Le choix risqué du whistleblower

Enquête | publié le : 31.01.2006 | Caroline Talbot, à new york

La loi Sarbanes-Oxley a libéré la parole des whistleblowers américains. Le dénonciateur est mieux protégé par la justice. Malgré cela, il risque toujours de perdre son emploi.

Le docteur Peter Rost, 46 ans, était cadre supérieur du laboratoire pharmaceutique Pfizer. Mais il n'aimait guère la façon dont son groupe assurait la promotion de l'hormone de croissance génotropin auprès des médecins. Le médicament, censé aider les jeunes patients jugés trop petits, était aussi, accusait-il, présenté comme un remède contre le vieillissement. Peter Rost a publiquement exposé ses craintes. Il est devenu ce que l'on appelle aux Etats-Unis un whistleblower, ou encore un «dénonciateur», et ses relations avec son employeur se sont tendues.

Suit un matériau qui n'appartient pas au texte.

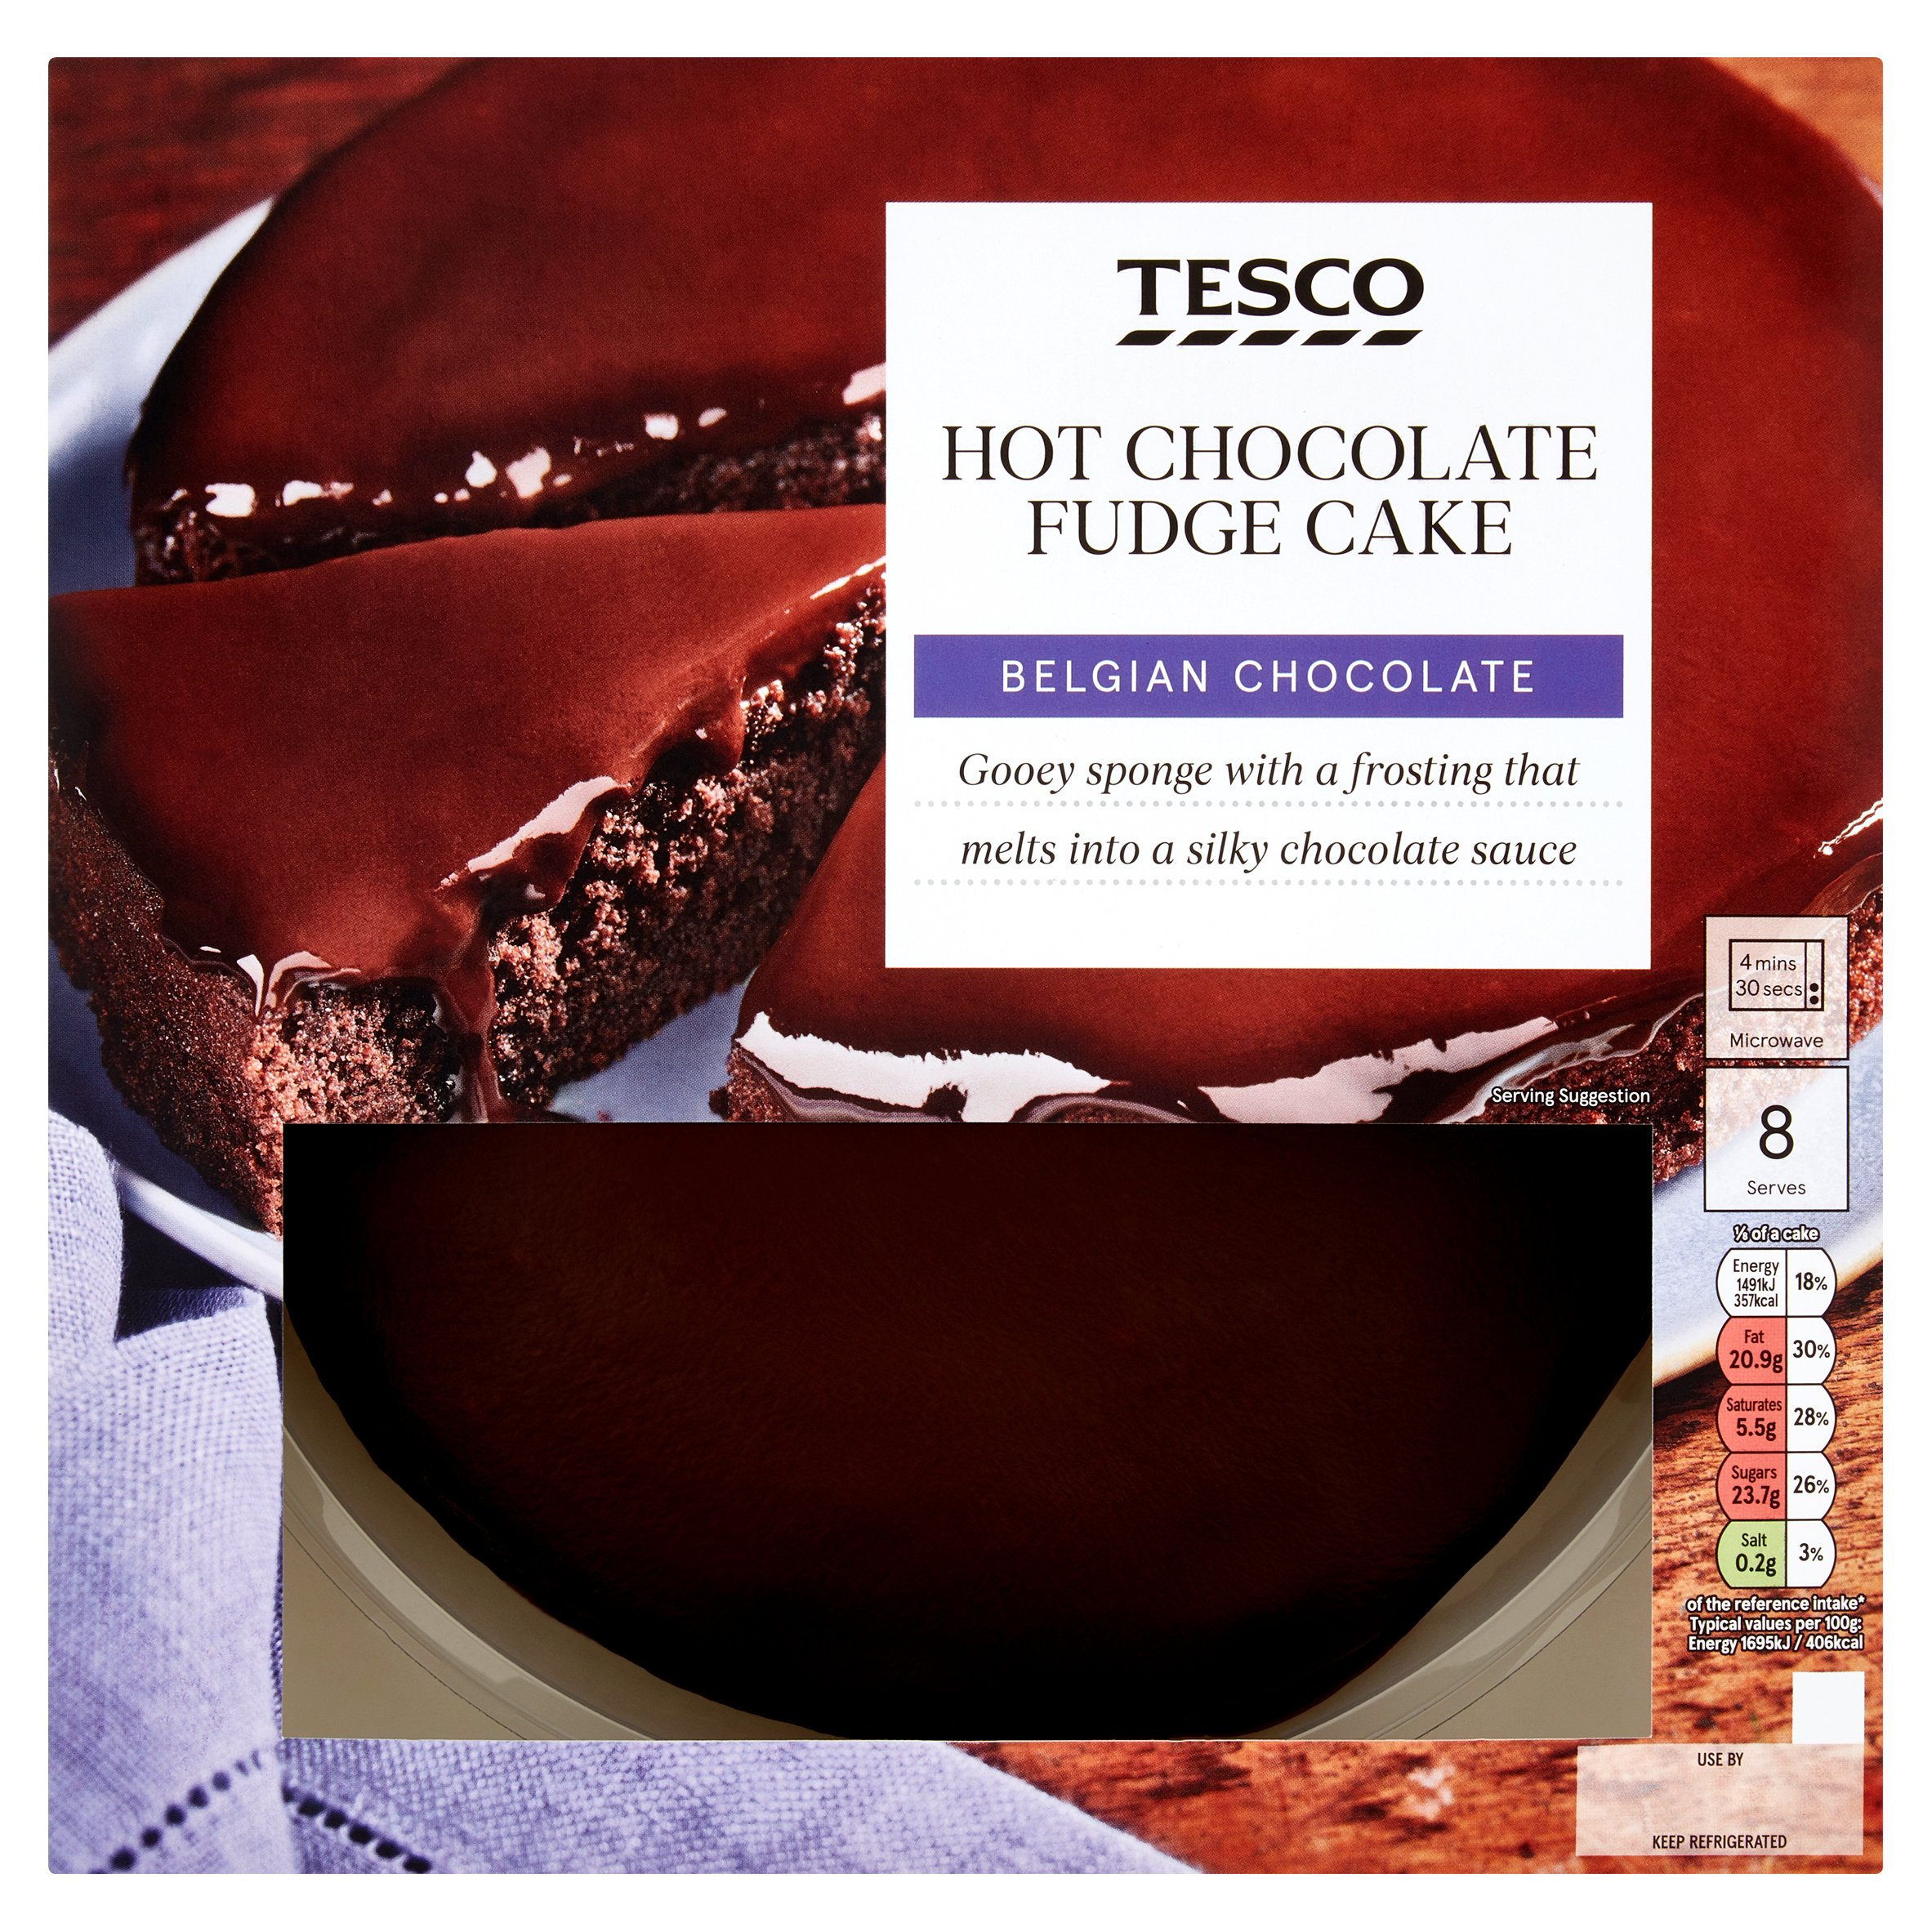 Tesco Hot Chocolate Fudge Cake 700G

On l'a changé de bureau, isolé, son téléphone et son email sont tombés en panne... Et il a finalement été renvoyé à la fin de l'année 2005.

Promesse de protection

Peter Rost fait partie du groupe des whistleblowers, en augmentation, qui ont été encouragés à dénoncer les mauvaises pratiques de leur entreprise après l'adoption de la loi Sarbanes-Oxley, en 2002. On demande, ainsi, aux salariés de signaler les erreurs et les fraudes commises au sein des entreprises cotées en bourse pour sauvegarder les intérêts des actionnaires. En échange, le législateur promet de protéger le whistleblower.

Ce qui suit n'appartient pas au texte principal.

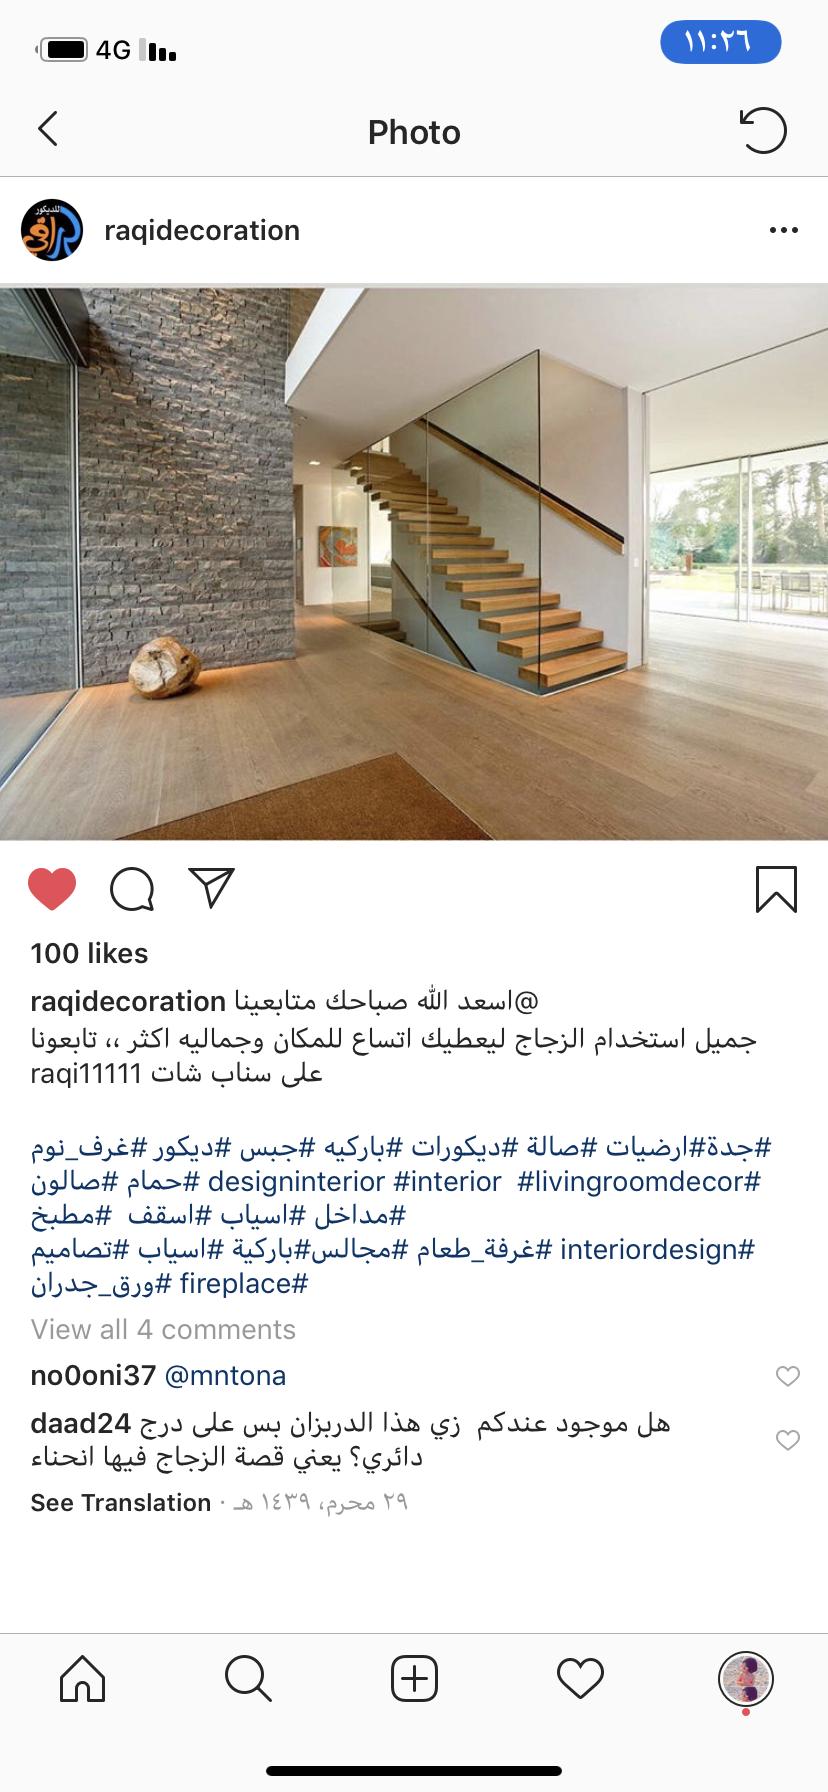 Pin By Roreta Al Qurashi On General Decoration Living Room Decor Interior Design Interior

Plusieurs moyens de dénonciation

« Cette loi peut être efficace », assure l'avocat Stephen Kohn, président du Centre national des whistleblowers et auteur d'un livre-guide sur le sujet. Le dénonciateur potentiel dispose, dorénavant, de plusieurs moyens. Il peut s'adresser au Congrès, téléphoner à la SEC - le gendarme de la Bourse -, laisser un message anonyme sur la hotline de l'entreprise, aller voir son supérieur, ou encore contacter le comité d'audit du conseil d'administration, censé réaliser en toute confidentialité «une enquête indépendante».

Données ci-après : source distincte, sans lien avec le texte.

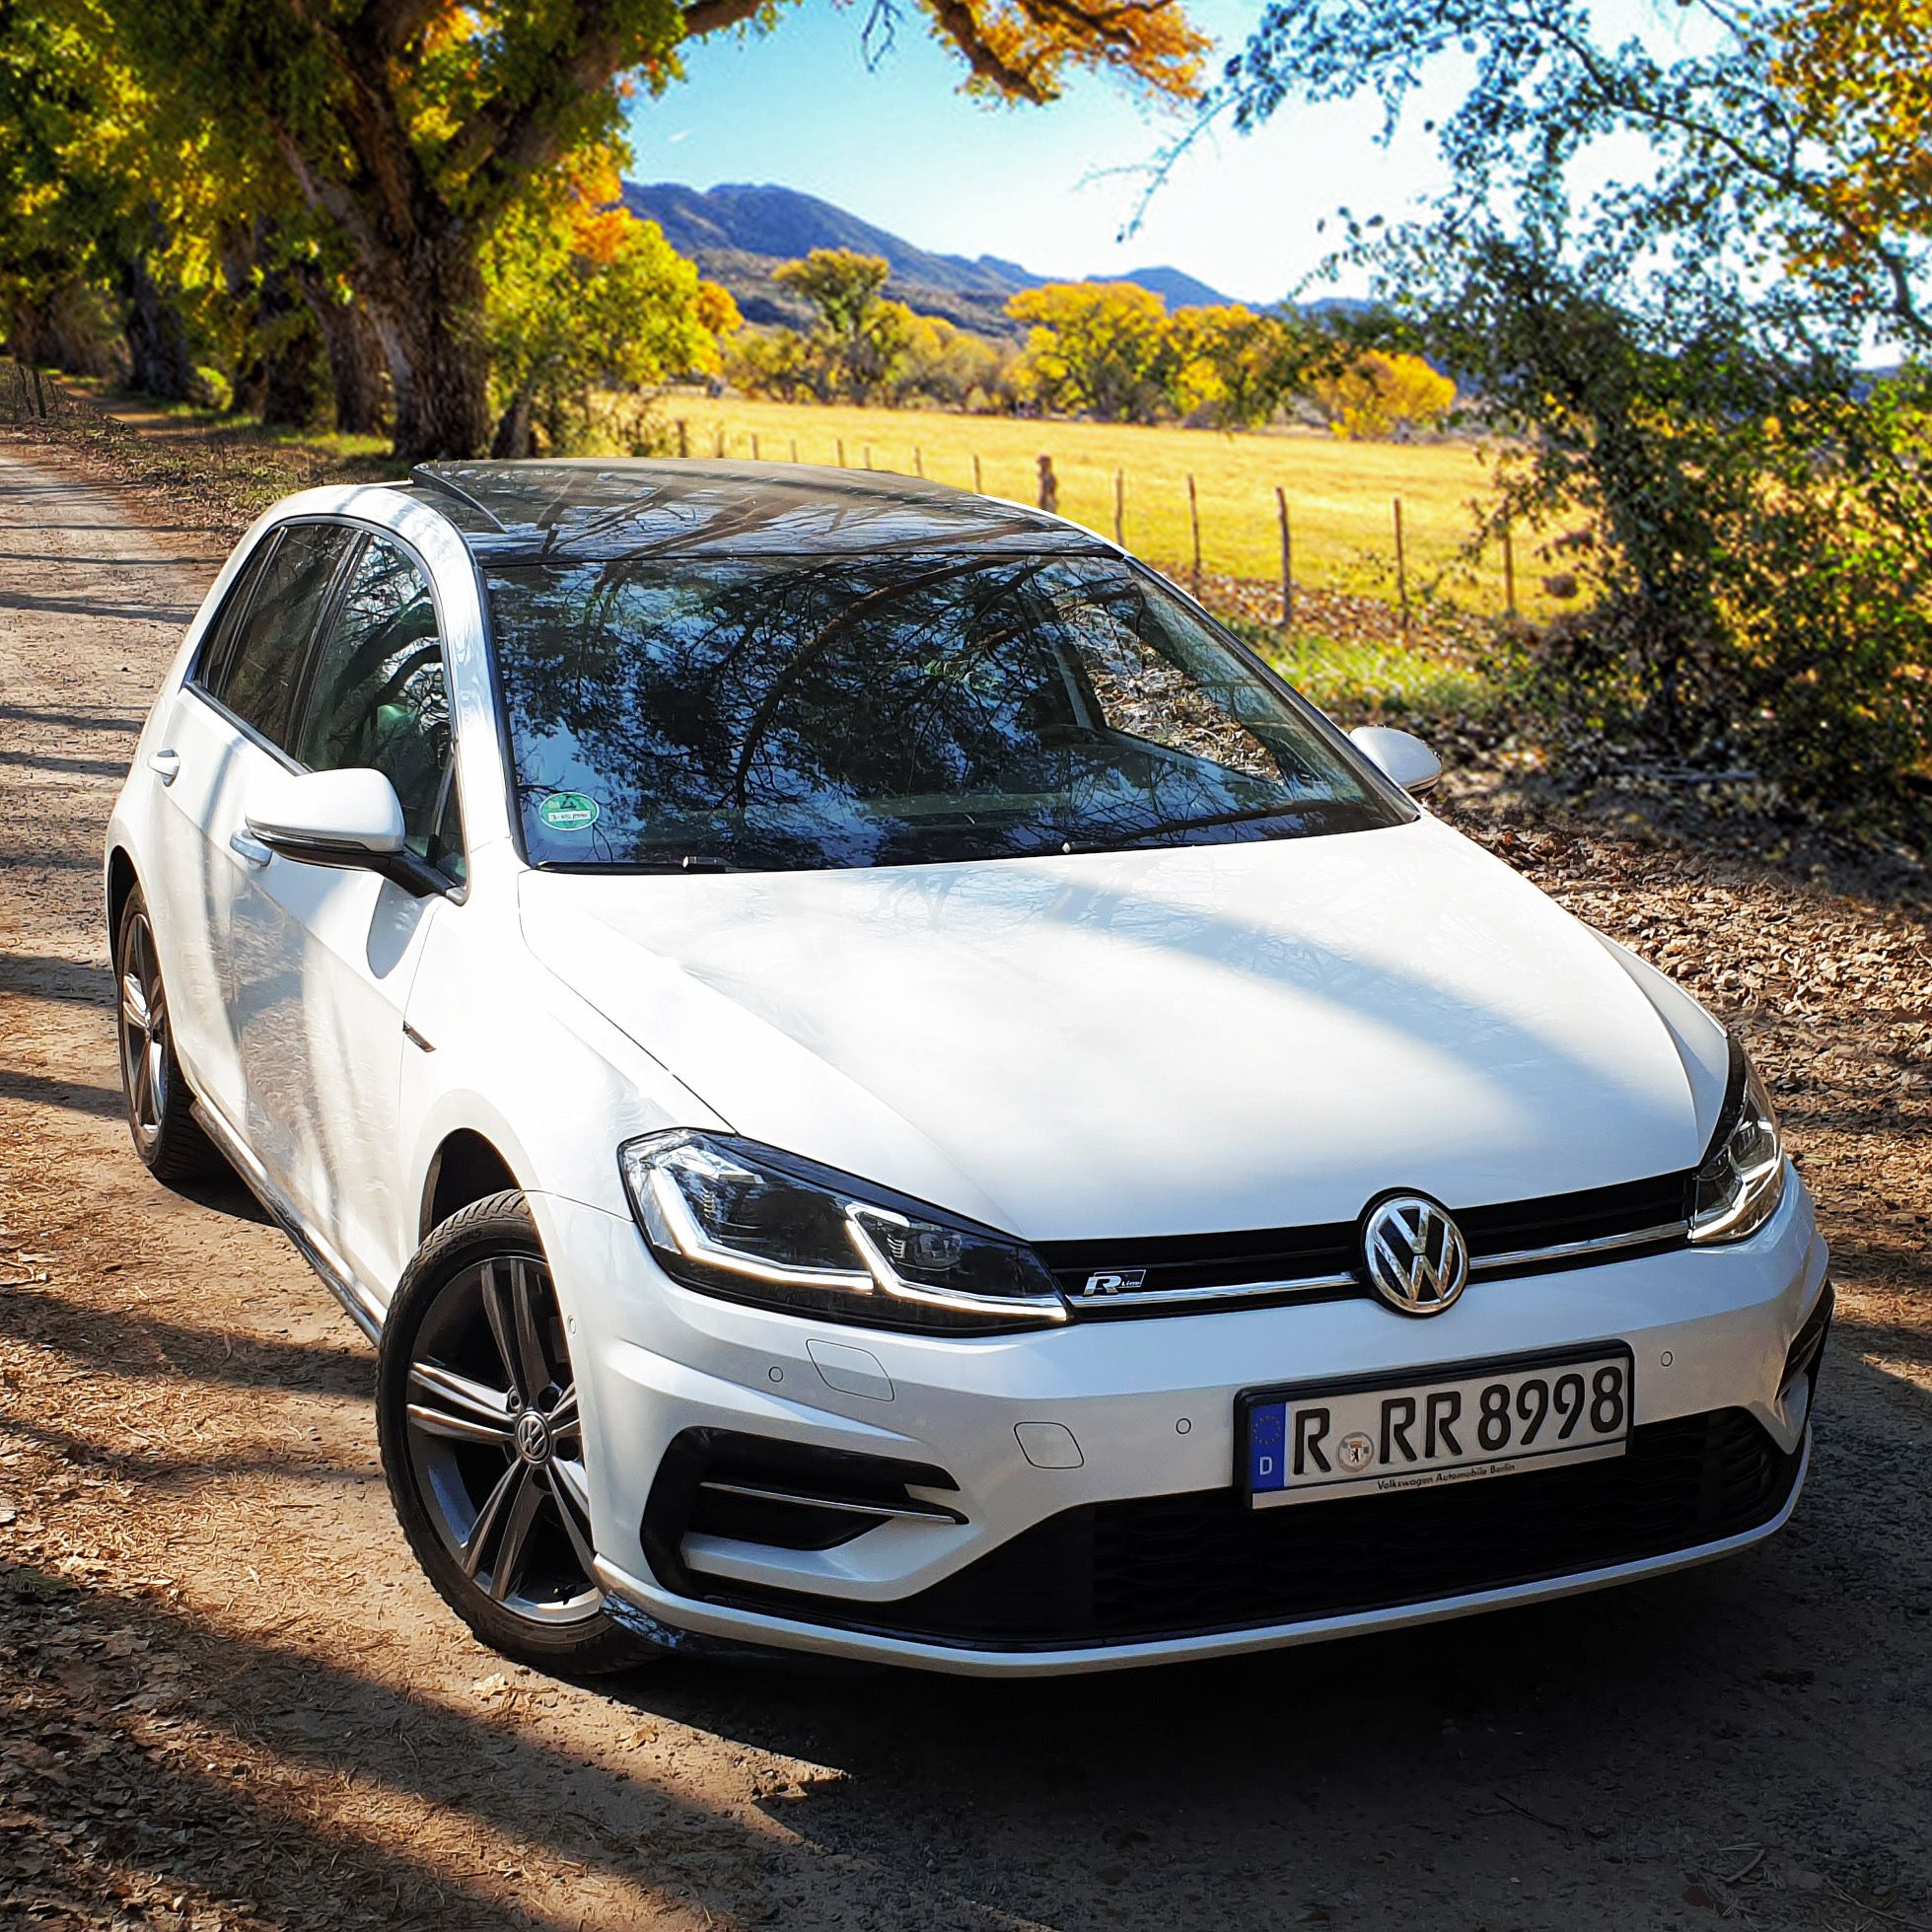 Golf 7 5 Rline In 2020 Car Volkswagen Vw Golf Black Audi

Intervention de l'agence gouvernementale

Le plus souvent, le whistleblower rapporte des fraudes financières, de fausses représentations de produits pour accroître artificiellement les ventes... Si ce qu'affirme le dénonciateur se révèle intéressant, les juges de l'agence gouvernementale Osha (Occupational Safety and Health Organization) entrent en action.

« Avant Sarbanes-Oxley, assure Stephen Kohn, il y avait déjà des whistleblowers, mais ils n'étaient pas protégés. » Le mouton noir était renvoyé et son affaire traînait en justice durant plusieurs années. « Aujourd'hui, avant même que le processus judiciaire soit fini, le juge peut ordonner le retour du salarié dans son entreprise. » Et, souligne l'avocat, « l'employeur réfléchira bien avant de le renvoyer car il est passible de dix ans de prison. »

Considéré comme un traître

Malgré tout, les observateurs du phénomène whistleblower l'avouent, bien souvent, le dénonciateur se retrouve à la porte. « Vous êtes perçu comme un traître, explique Nell Minow, créatrice de la Corporate Library, une organisation qui défend le gouvernement d'entreprise. Personne ne voudra ensuite vous embaucher. » Et de citer l'exemple de Sherron Watkins, celle qui avait publiquement dénoncé les pratiques comptables du groupe Enron. L'héroïne en est réduite à intervenir dans des colloques pour gagner sa vie.

Stephen Kohn ne peut qu'approuver. Mais, ajoutet-il, « les conditions d'aujourd'hui sont bien meilleures pour négocier de juteuses indemnités de départ ».